*** DATASET EXTRACT ***

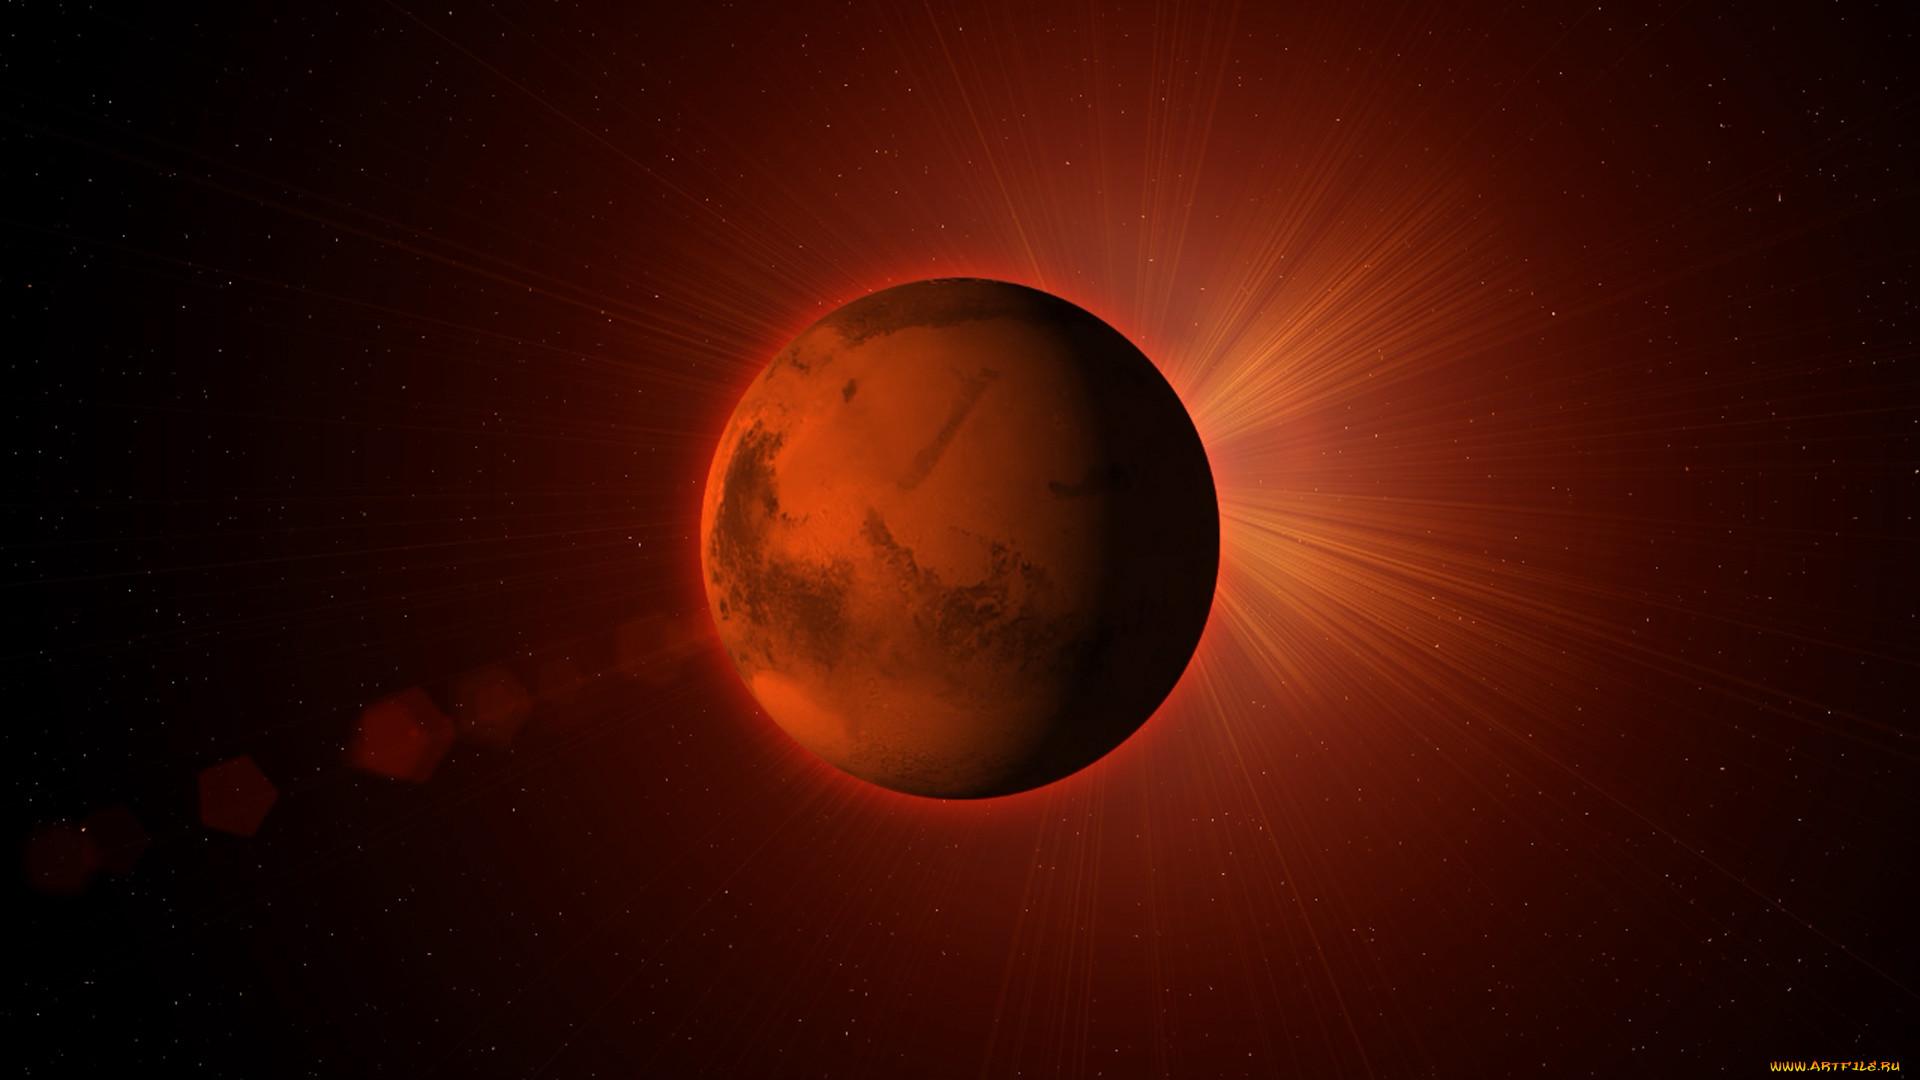 mars, космос, марс, планета
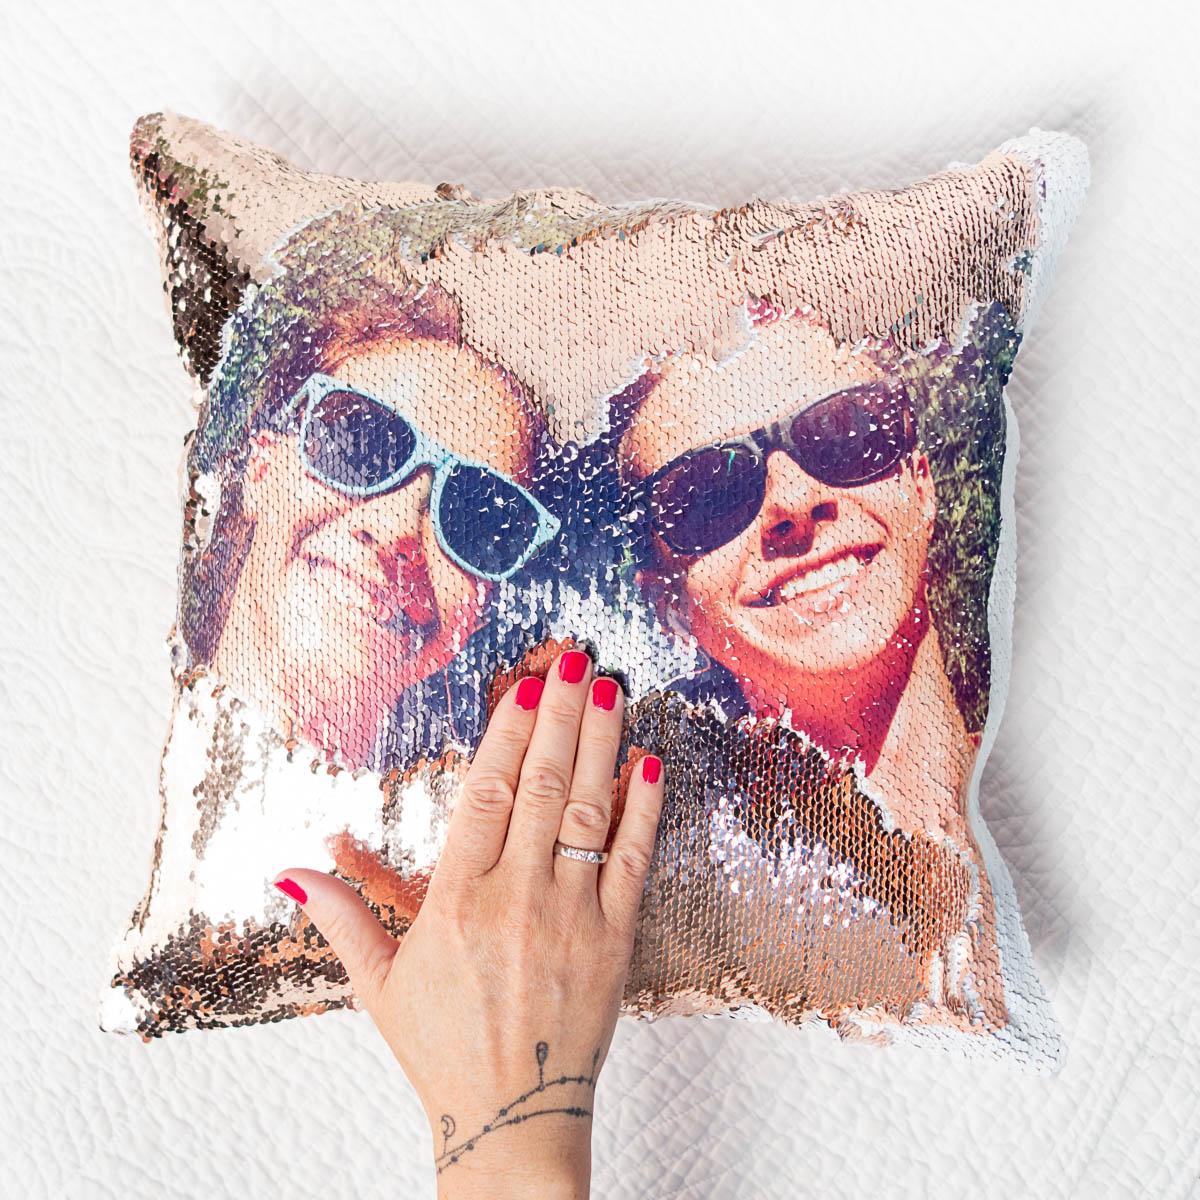 cadeau_voor_haar_personaliseerbaar_glitter_kussensloop
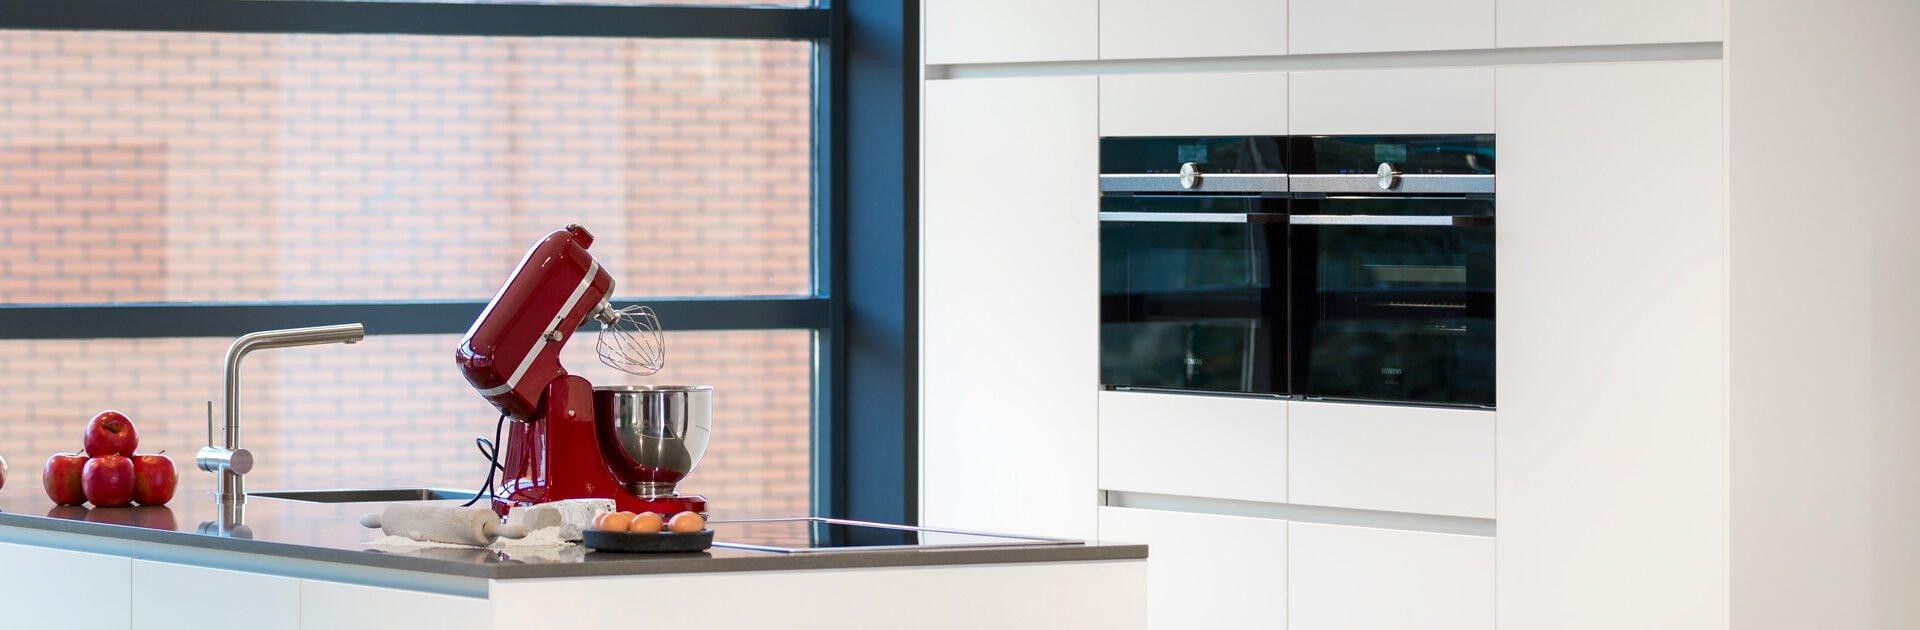 Slimme Siemens keukenapparaten | Satink Keukens
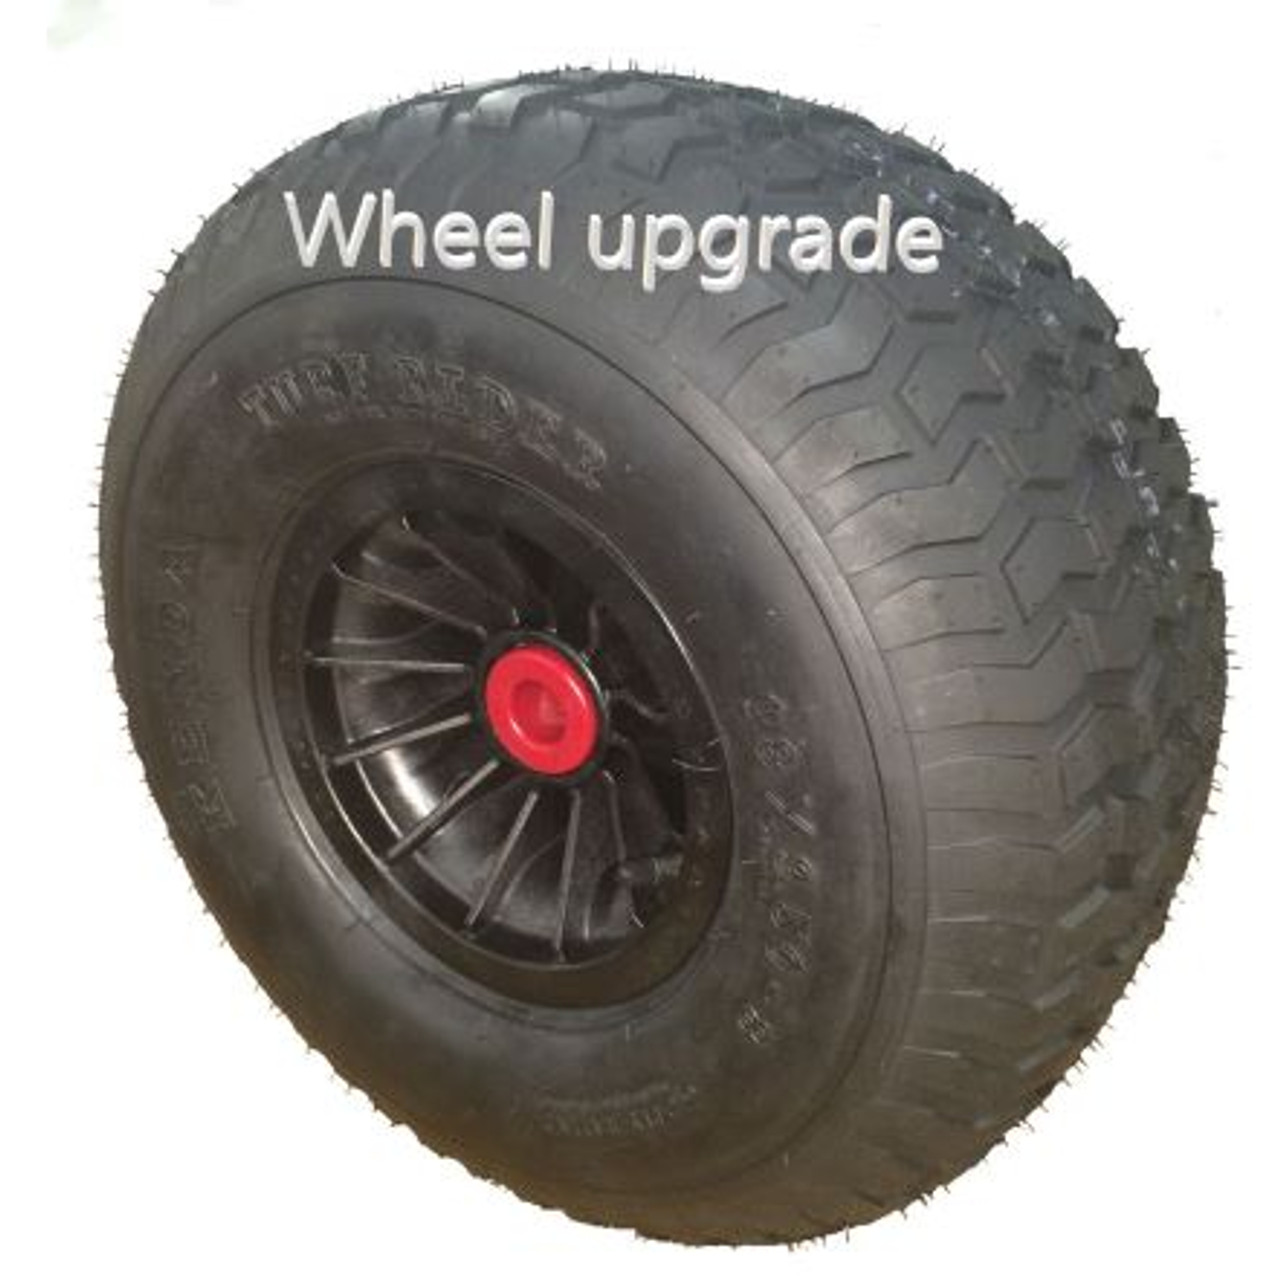 Wheel upgrade

*** End of DATASET EXTRACT ***

--- YOUR INSTRUCTIONS ---
The response should restate the material above word for word and contain no pictures.

--- TASK ANSWER ---
 mars, космос, марс, планета
 cadeau_voor_haar_personaliseerbaar_glitter_kussensloop
 Slimme Siemens keukenapparaten | Satink Keukens
 Wheel upgrade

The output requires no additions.